# [TASK STATEMENT]
Go to the line containing "Two people were" below; retype it and all following lines exactly, and leave out the pictures.

[[ PROVIDED ENTRIES open ]]

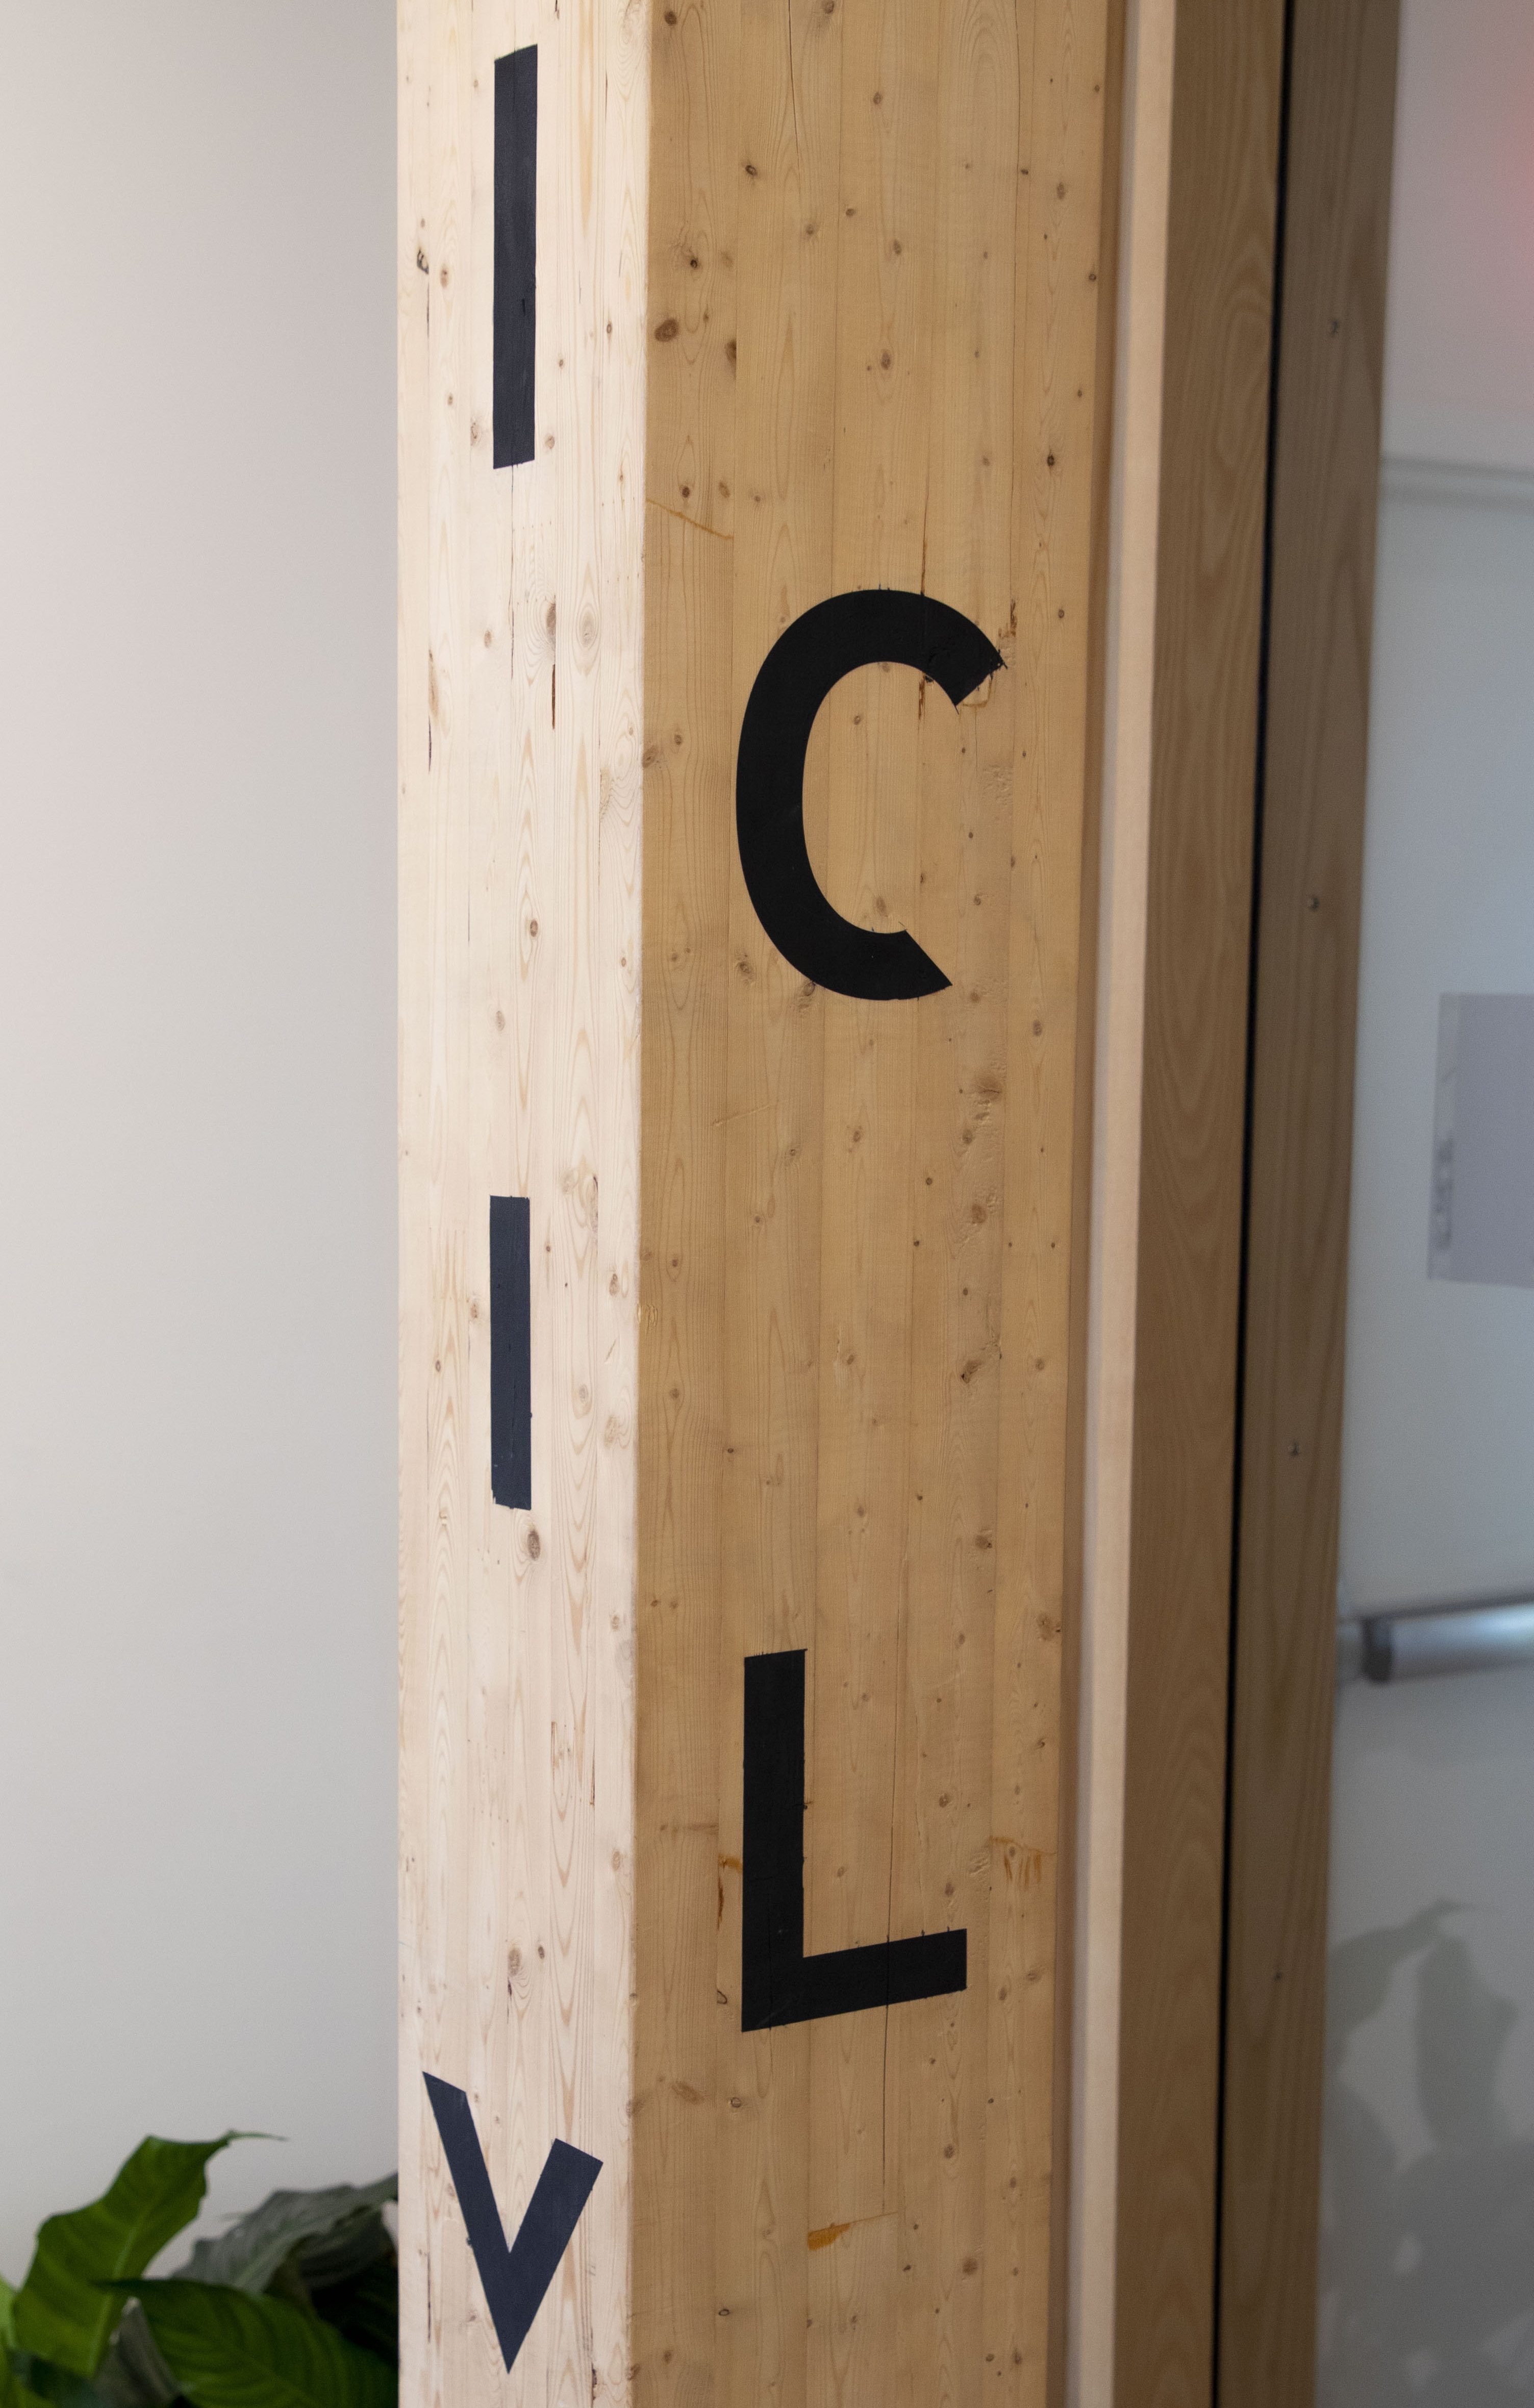 Timber column with black letters and shapes on it.
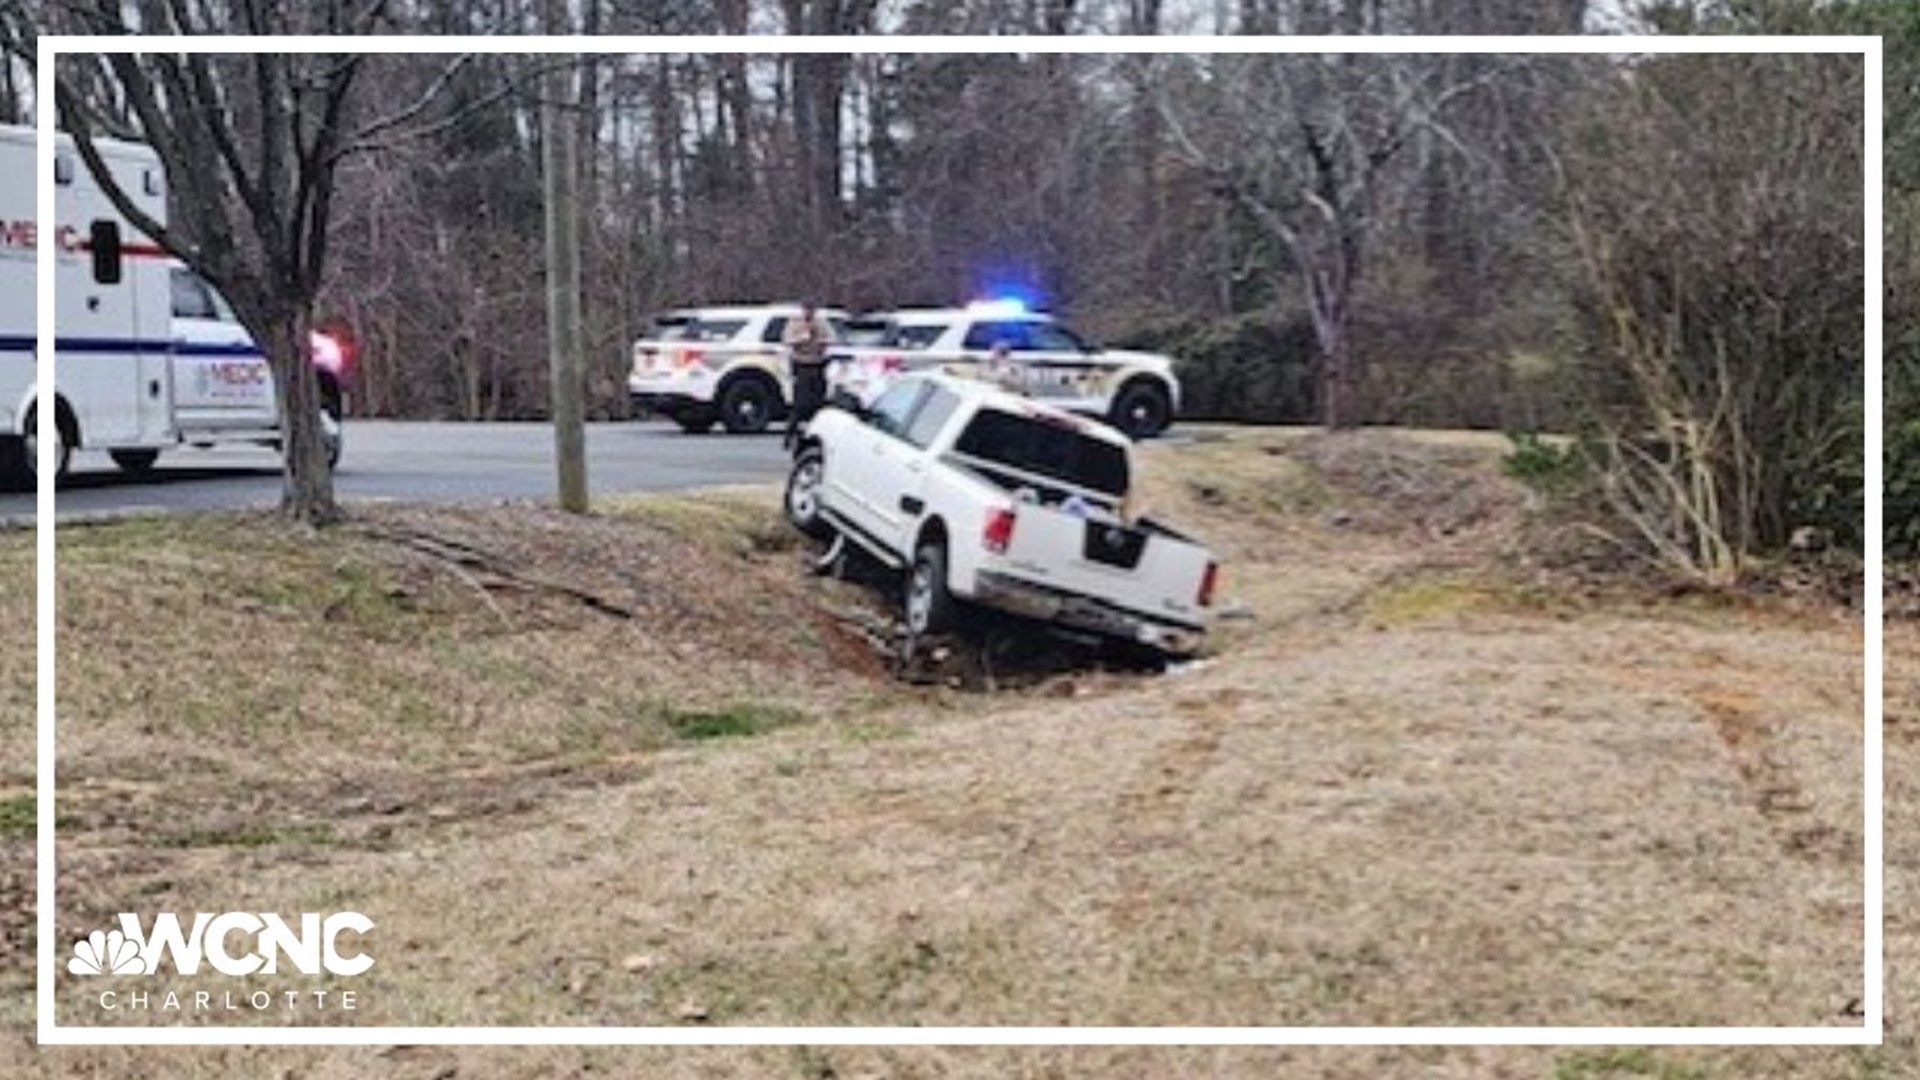 Two people were arrested after a high-speed police chase that stemmed from alleged shoplifting at Publix ended with a crash in Mecklenburg County, investigators say.
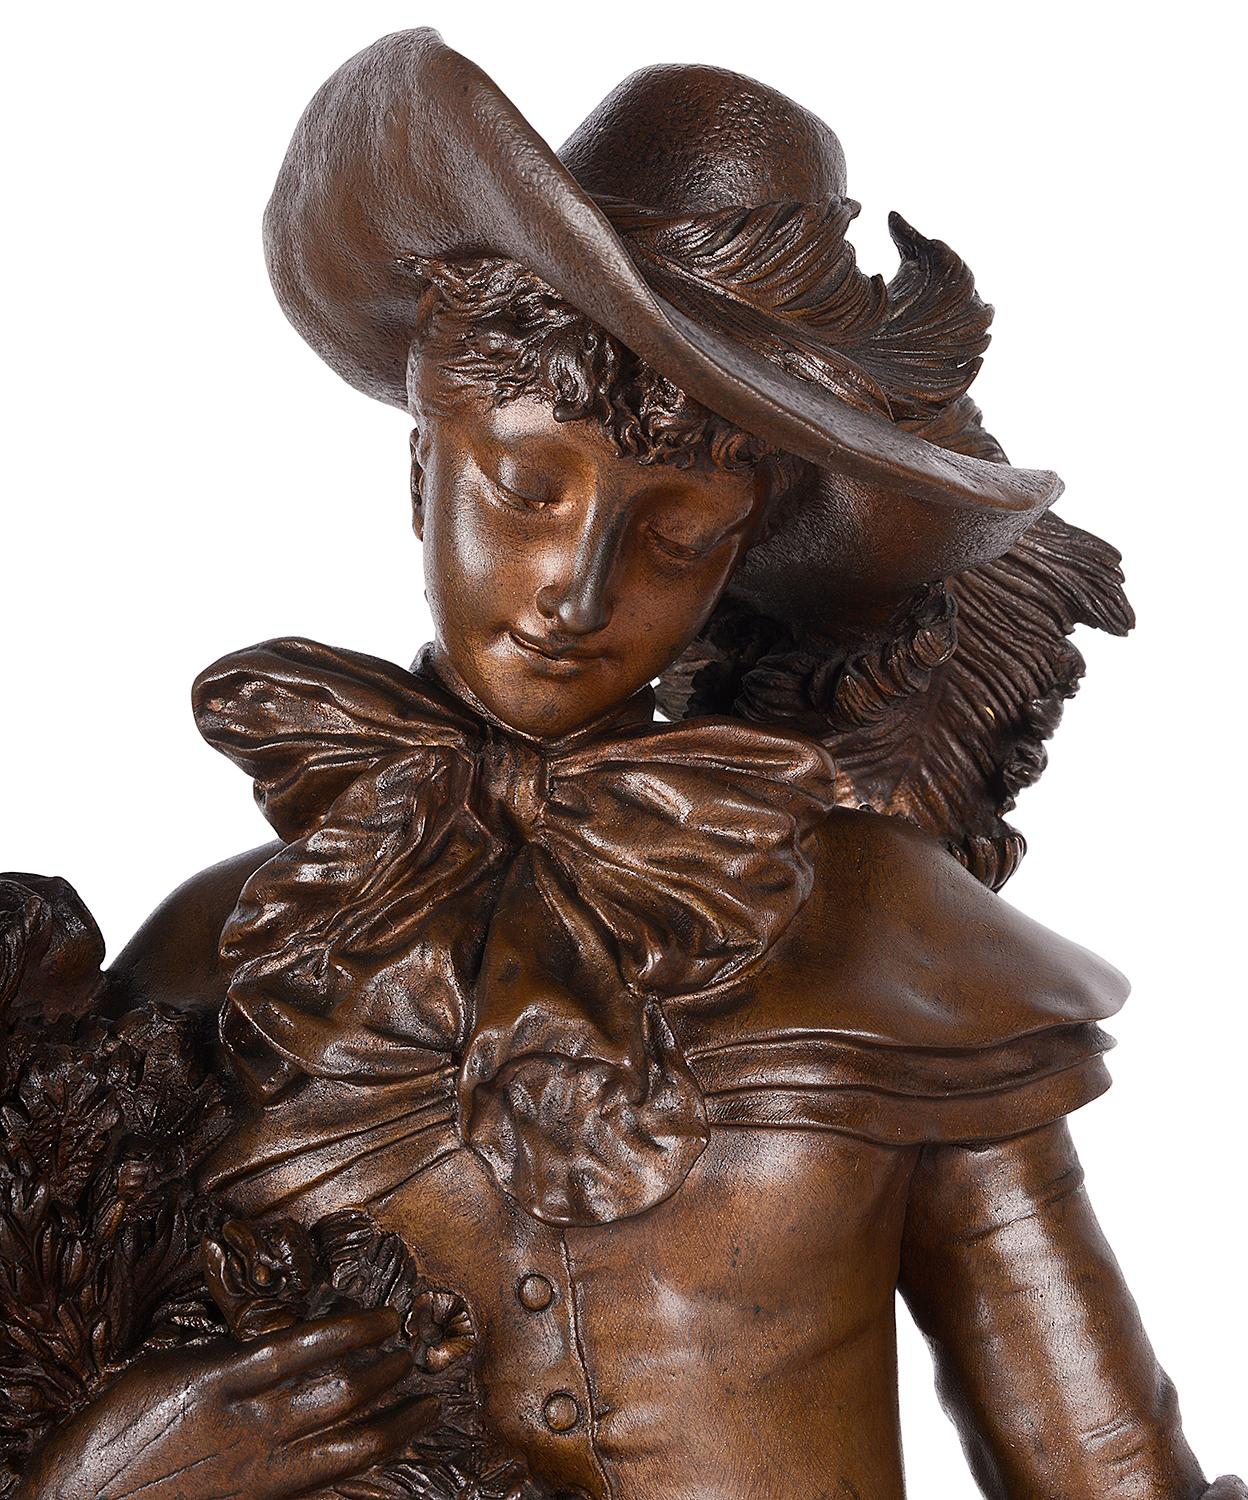 A very good quality 19th century patinated bronze statue of a young lady wearing bonnet, holding a basket of flowers with a Borzoi hound at her side.
Signed; Adrien Étienne Gaudez 

Adrien Étienne Gaudez was a French artist known for his

[[ PROVIDED ENTRIES closed ]]

# [ANSWER BOX]
 Two people were arrested after a high-speed police chase that stemmed from alleged shoplifting at Publix ended with a crash in Mecklenburg County, investigators say.
 A very good quality 19th century patinated bronze statue of a young lady wearing bonnet, holding a basket of flowers with a Borzoi hound at her side.
Signed; Adrien Étienne Gaudez 

Adrien Étienne Gaudez was a French artist known for his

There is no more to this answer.